Legislation like the proposed Private Members Bill, which puts obligations on AI developers to be transparent about their data, and provides regulators with the necessary powers to hold them to account (as part of an ‘AI Authority’, or as part of existing bodies and regulator), would be an ambitious but worthwhile goal for the new, incoming UK government. We recommend that the incoming UK Government:
- Encourages the adoption of dataset transparency tools and frameworks that are emerging from the AI community. Existing work on Fairly Trained, Dataset Cards and Nutrition labels should be more widely adopted in organisations building AI services - and the government should lead by example in adopting these transparency tools and frameworks. Further supporting the Croissant standard development, of which the ODI co-chairs the group, is also vital.
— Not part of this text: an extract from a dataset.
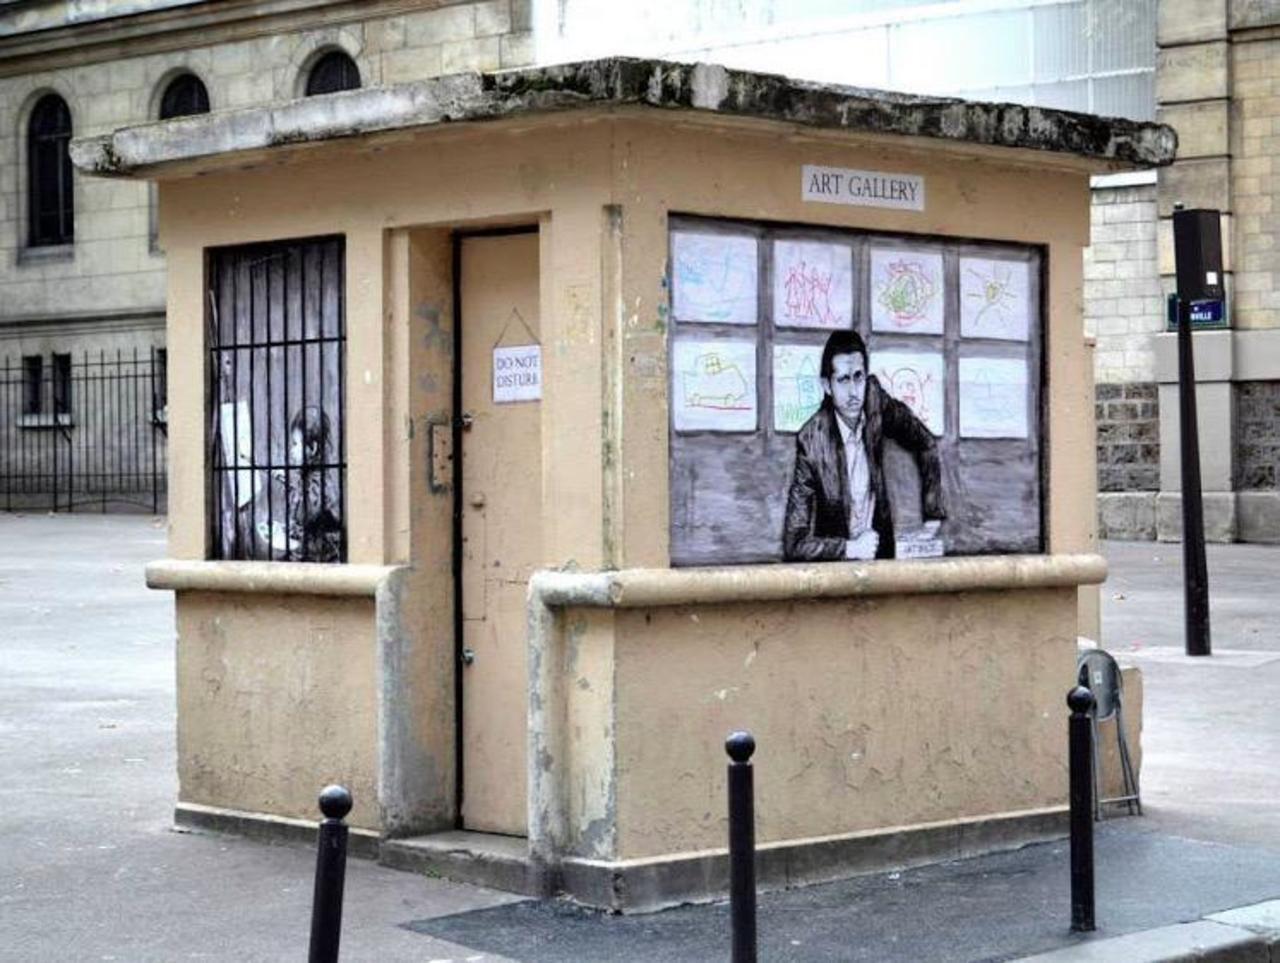 RT @BenWest: RT @GhislaineGATINE: #streetart by #Levalet in #Paris #switch #graffiti #bedifferent #art #art http://t.co/vBNpNjPEFJ
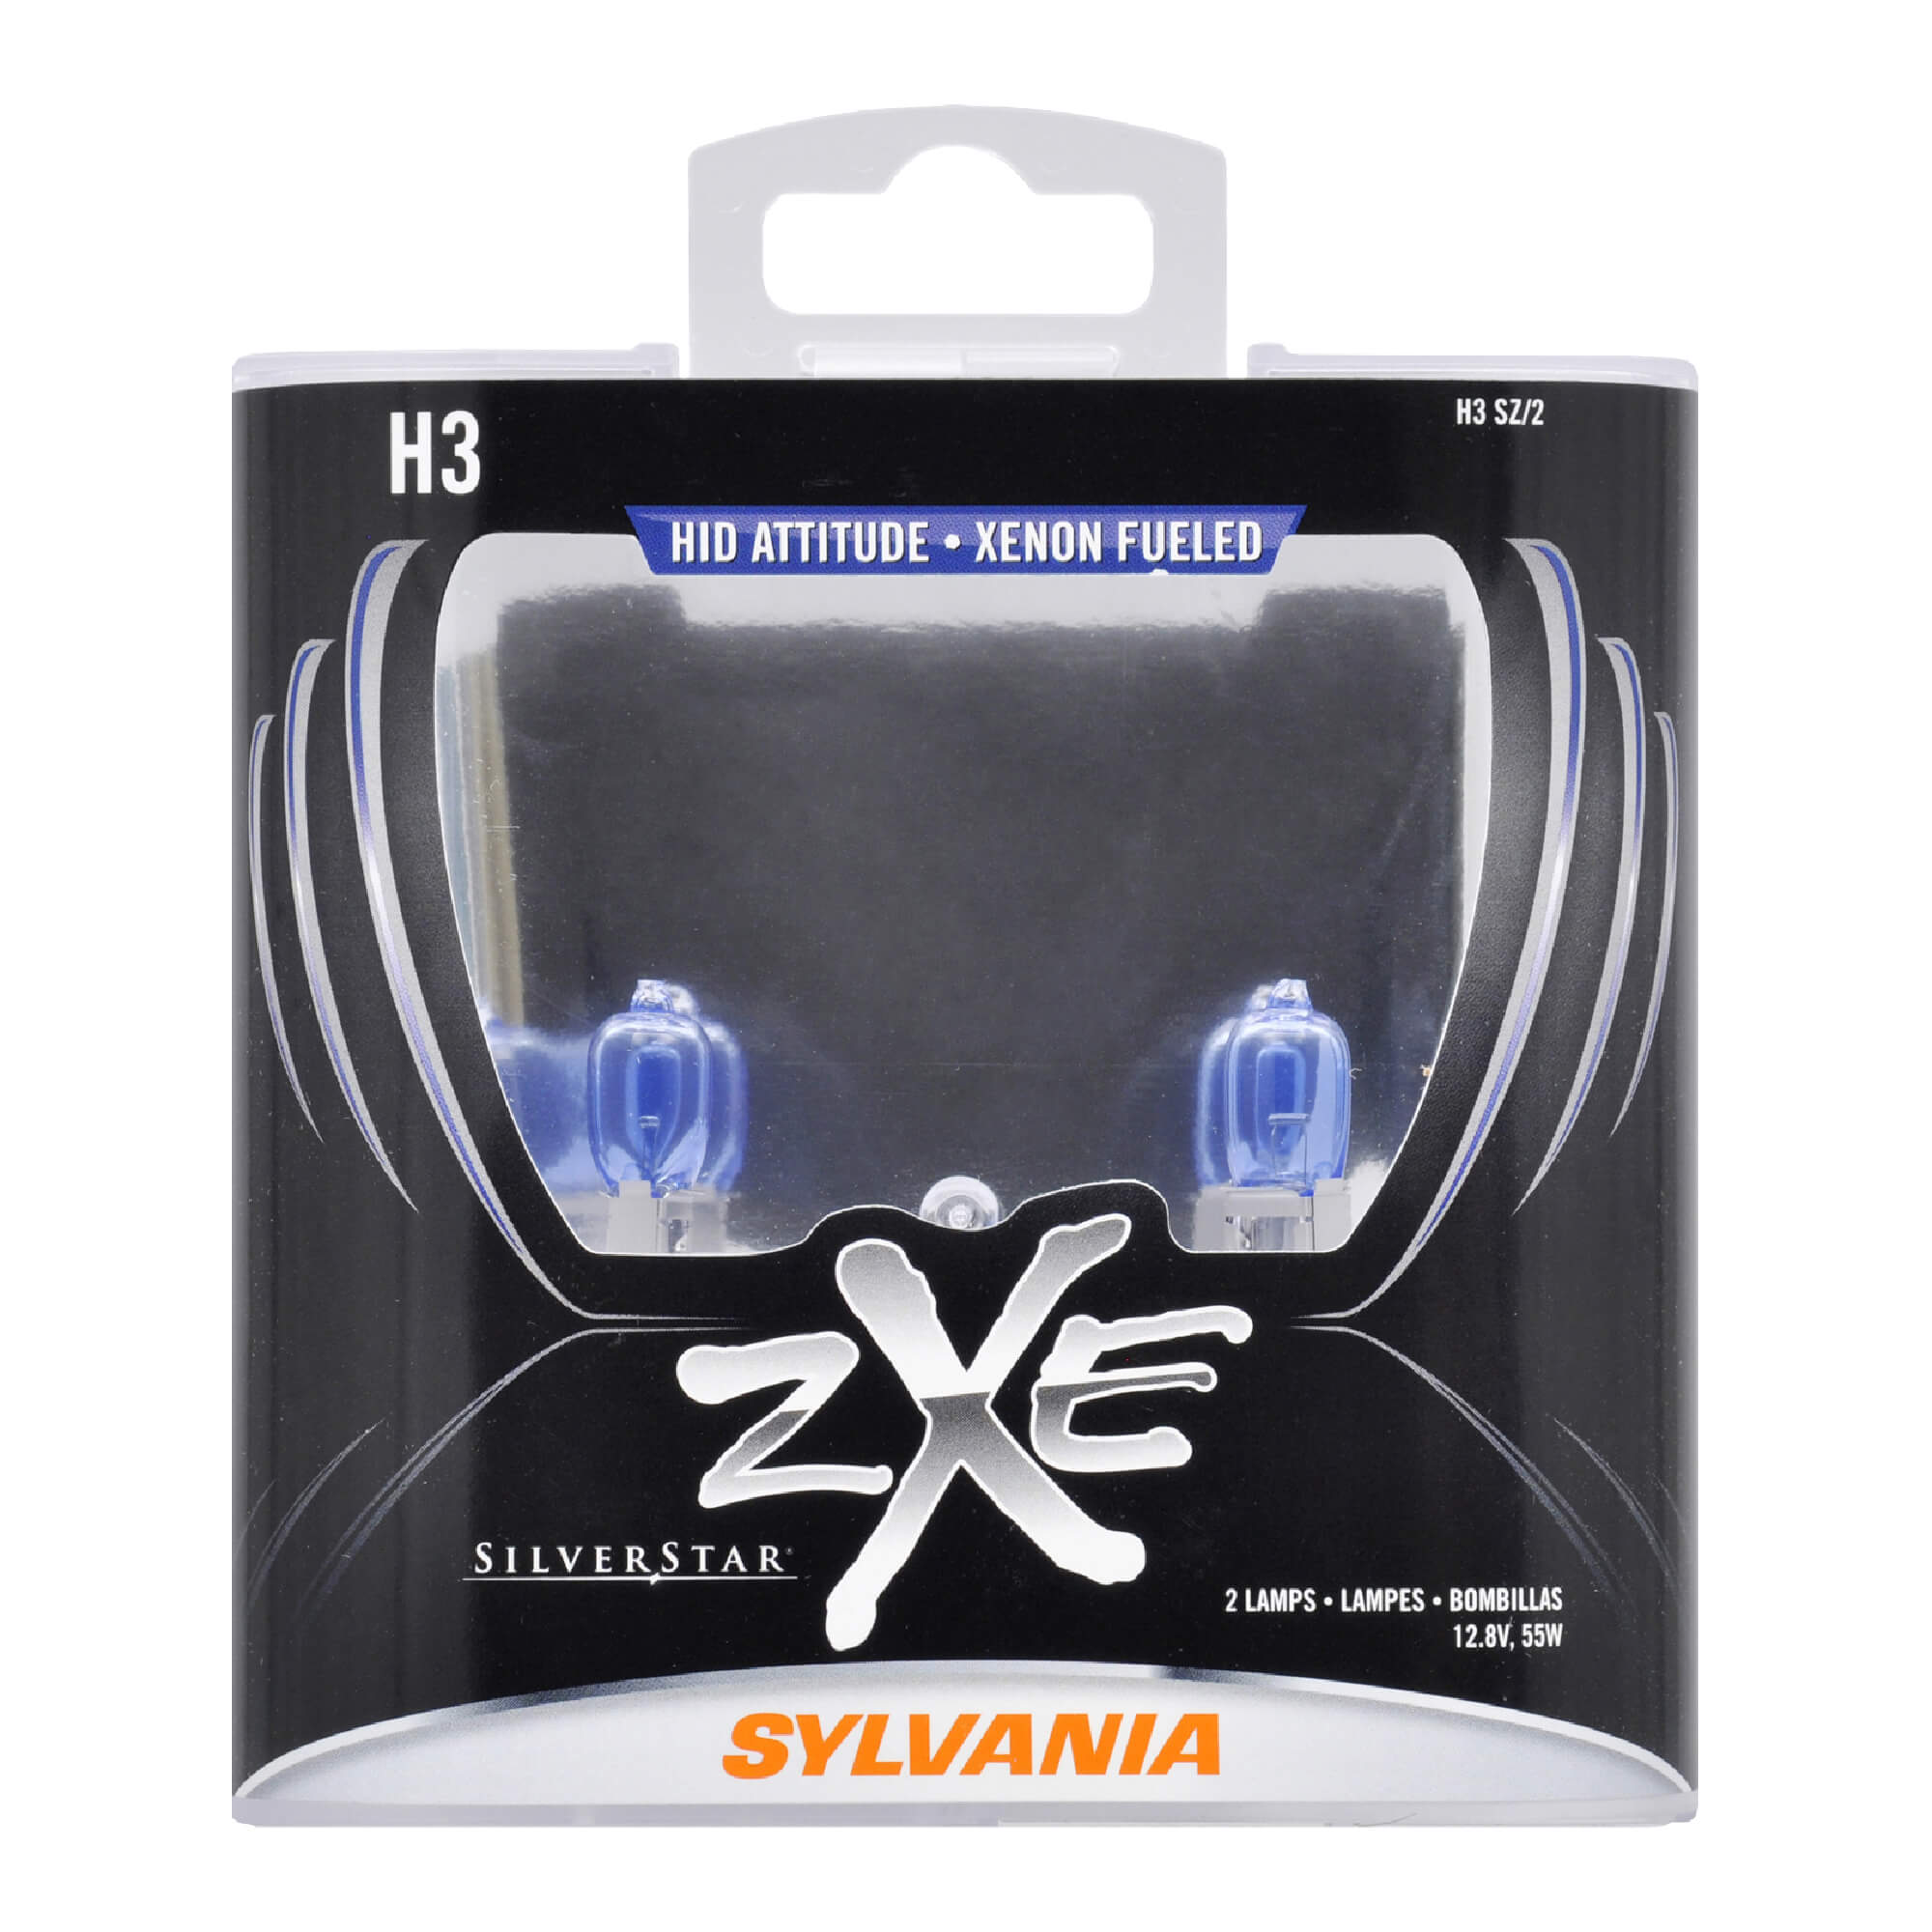 SYLVANIA H3 SilverStar zXe Halogen Fog Bulb, 2 Pack

There also needs to be consideration as to how these documentation practices – that are primarily aimed at the developer community – can also be adopted and empower non-technical specialists, organisations and communities.
- Bolsters the AI Safety Initiative to design new mandatory reporting requirements and standards. While developments from the developer community are welcome, it is important that this information about training, testing and fine-tuning data is made available by model developers in consistent, standardised ways, so that regulators and others can easily interpret it and compare the way different models have been trained. Academics Saffron Huang and Divya Siddarth have described the need for new standards-setting bodies to 'determine appropriate venues and forms of information release'. Any incoming government should capitalise on the international cooperation fostered by the AI Safety Summits and ensure that the UK regime connects with best practice from around the world.
- Doesn’t see training data as a singular, static artefact. As the researcher Margaret Mitchell has pointed out, even when companies have published information on the training data they’ve used, they’ve tended only to focus on ‘fine tuning’ data. This is important, as it’s the larger, messier ‘pre-training’ datasets that are most likely to include harmful content or copyrighted material. We need companies to publish detailed information on the composition and provenance of both. Going forward, we should also expect access to information about various types of data used to train and apply AI systems, including proprietary or local data used in the process of reinforcement learning, retrieval augmentation and deploying models.
At the ODI, we’re keen to provide insights and resources to policymakers working towards increasing transparency around the data used to train AI models, particularly to develop new, open standards or exploring ways to document the use of proprietary or local data. We will publish further proposed interventions in the coming weeks, focusing on intellectual property, data protection, the availability of data and participatory data practices.